====== Data segment

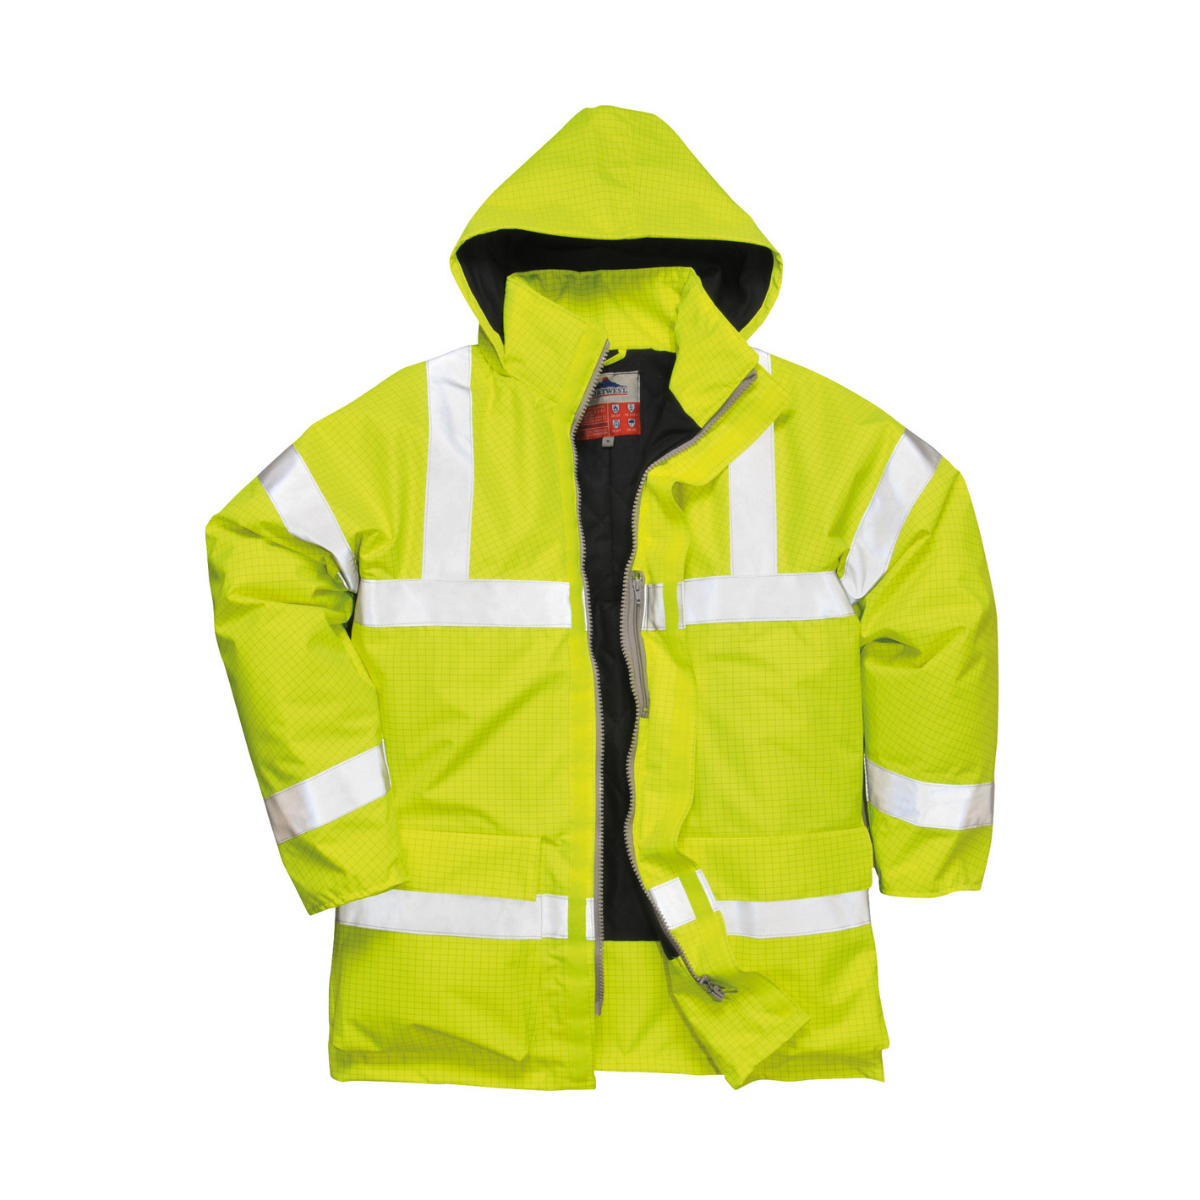 AS0778_FR AS Hi-Vis Contractors Traffic Jacket_Yellow
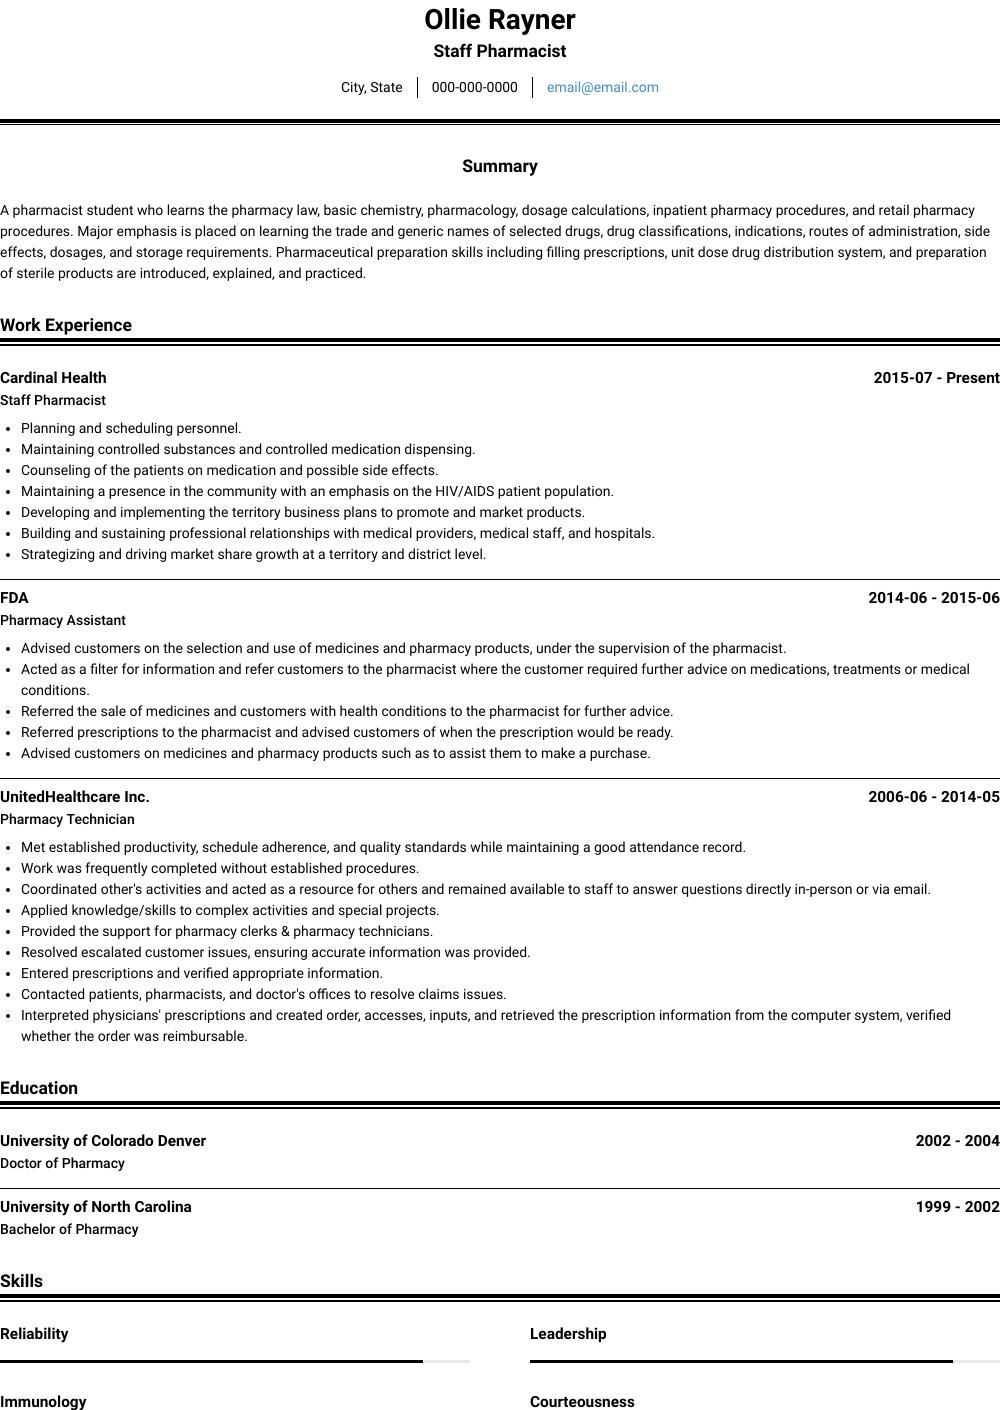 Pharmacist Resume Samples Templates Visualcv
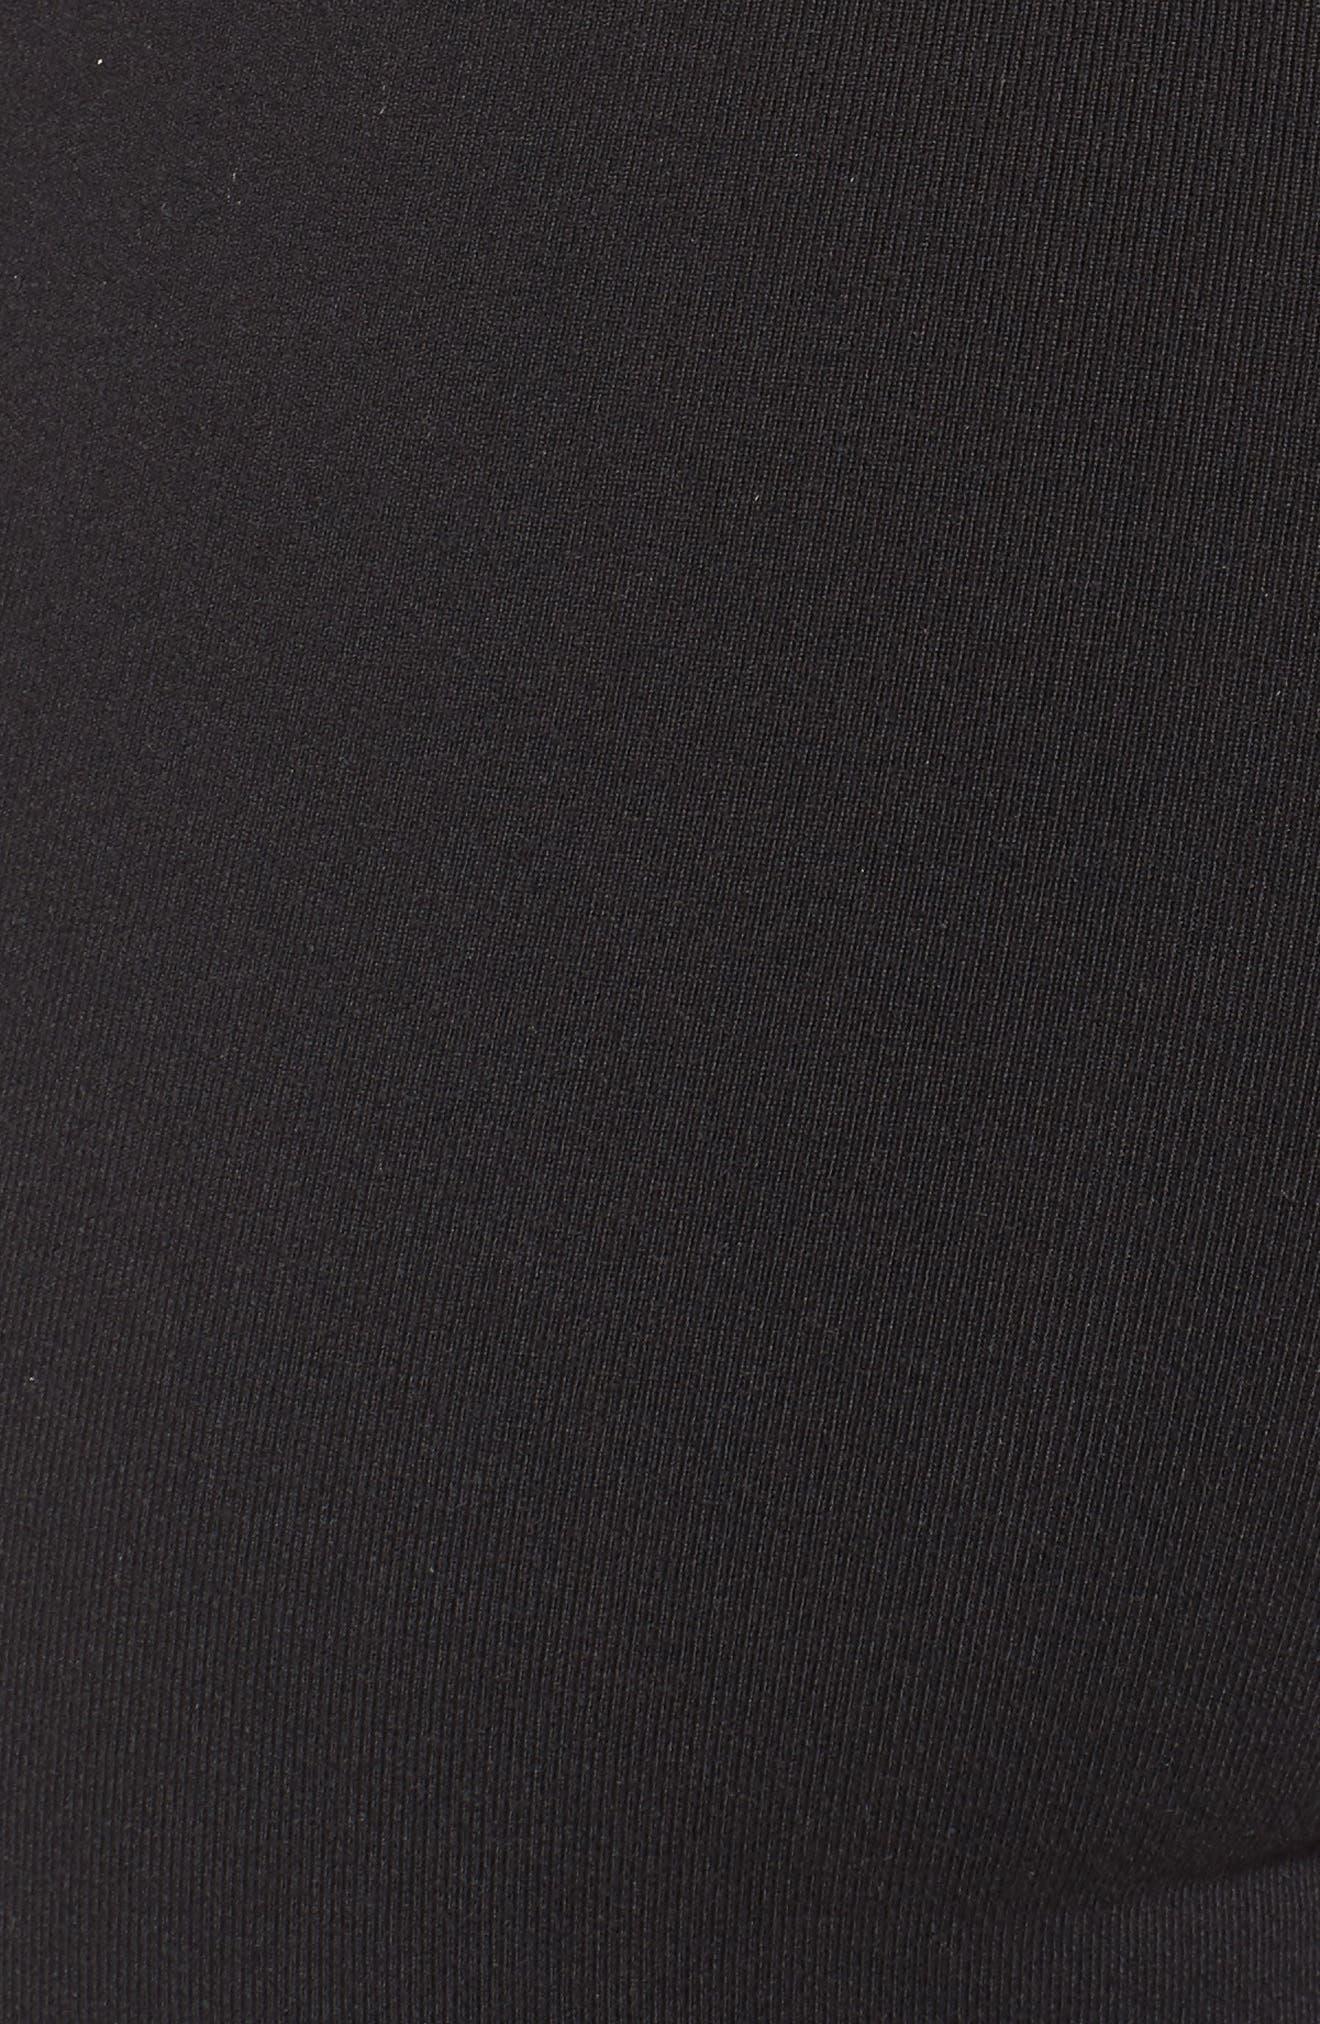 Luminous Leggings,                             Alternate thumbnail 6, color,                             Black
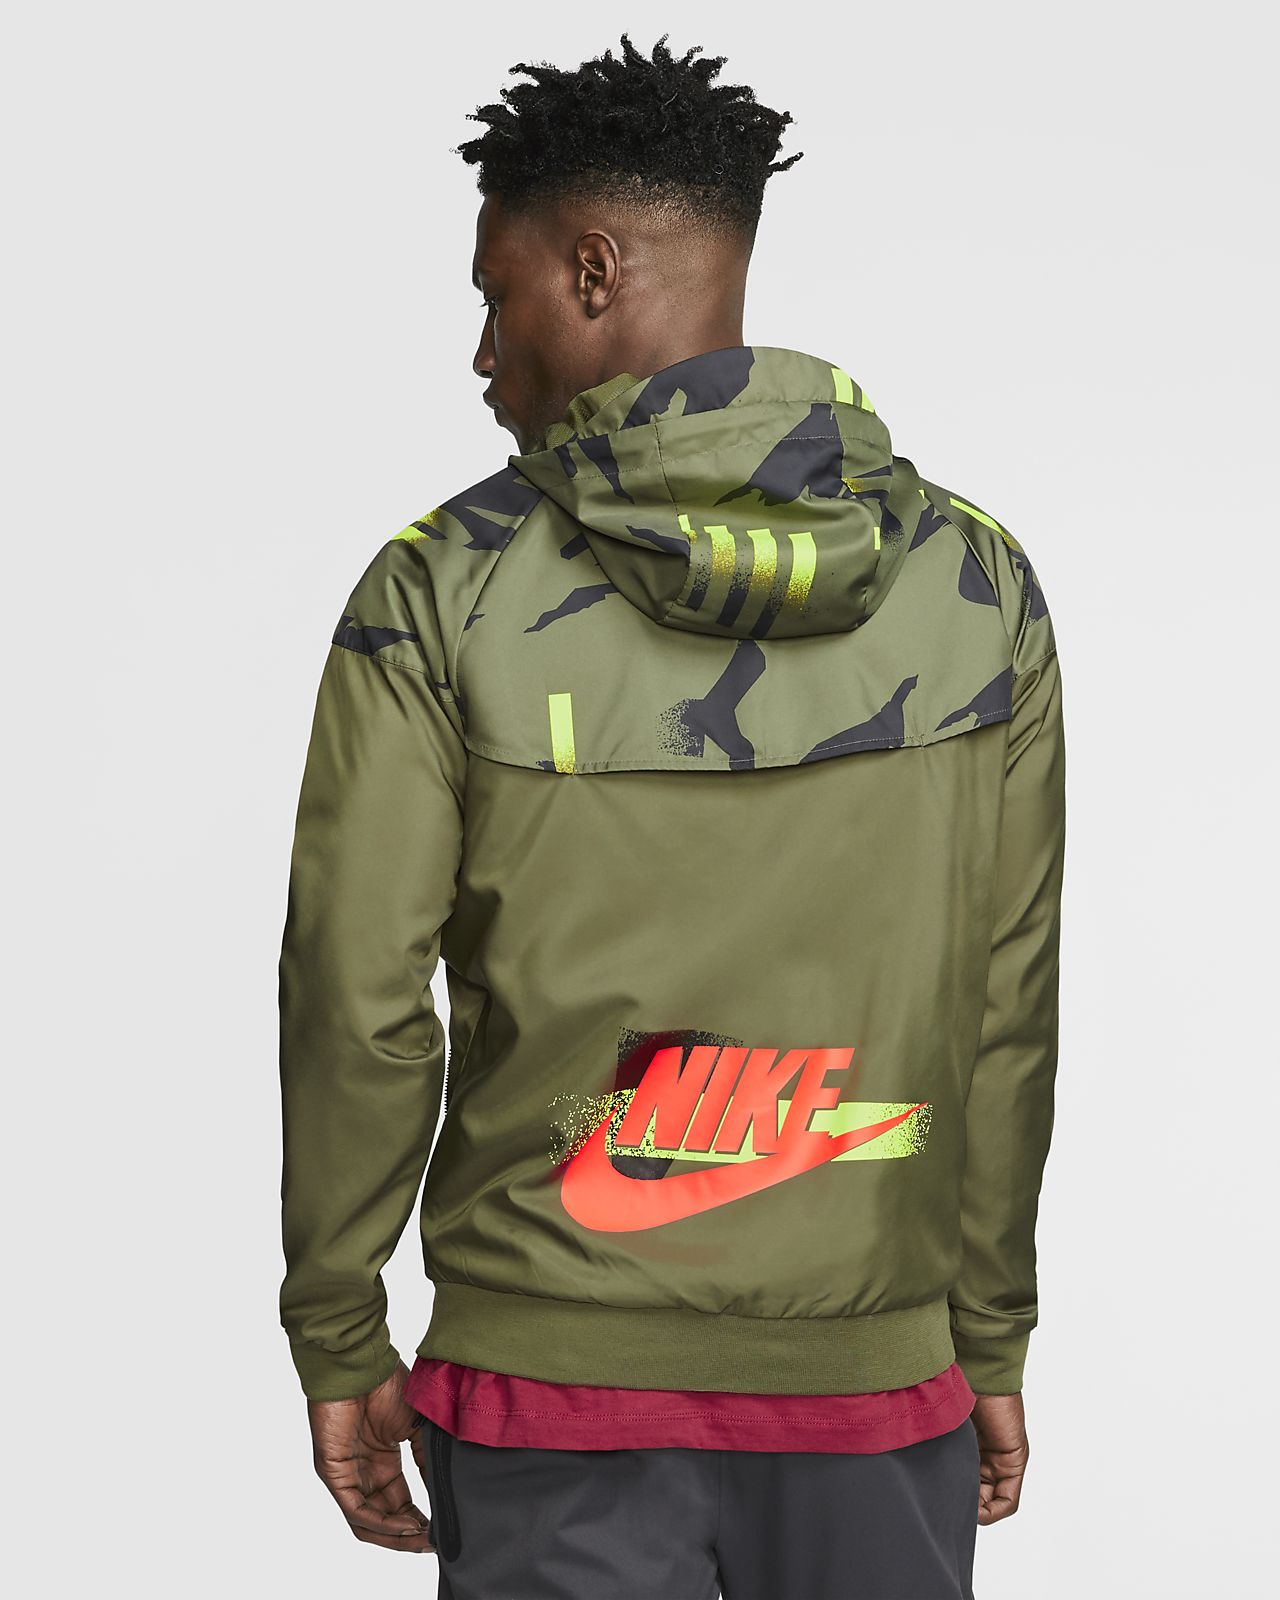 8cbdd8a3b50 Nike Sportswear Windrunner-jakke til mænd. Nike.com DK

============

**What you should do:**
An exact, image-free transcript of the material is required.

**Answer to the problem:**
 AS0778_FR AS Hi-Vis Contractors Traffic Jacket_Yellow
 Pharmacist Resume Samples Templates Visualcv
 Luminous Leggings,                             Alternate thumbnail 6, color,                             Black
 8cbdd8a3b50 Nike Sportswear Windrunner-jakke til mænd. Nike.com DK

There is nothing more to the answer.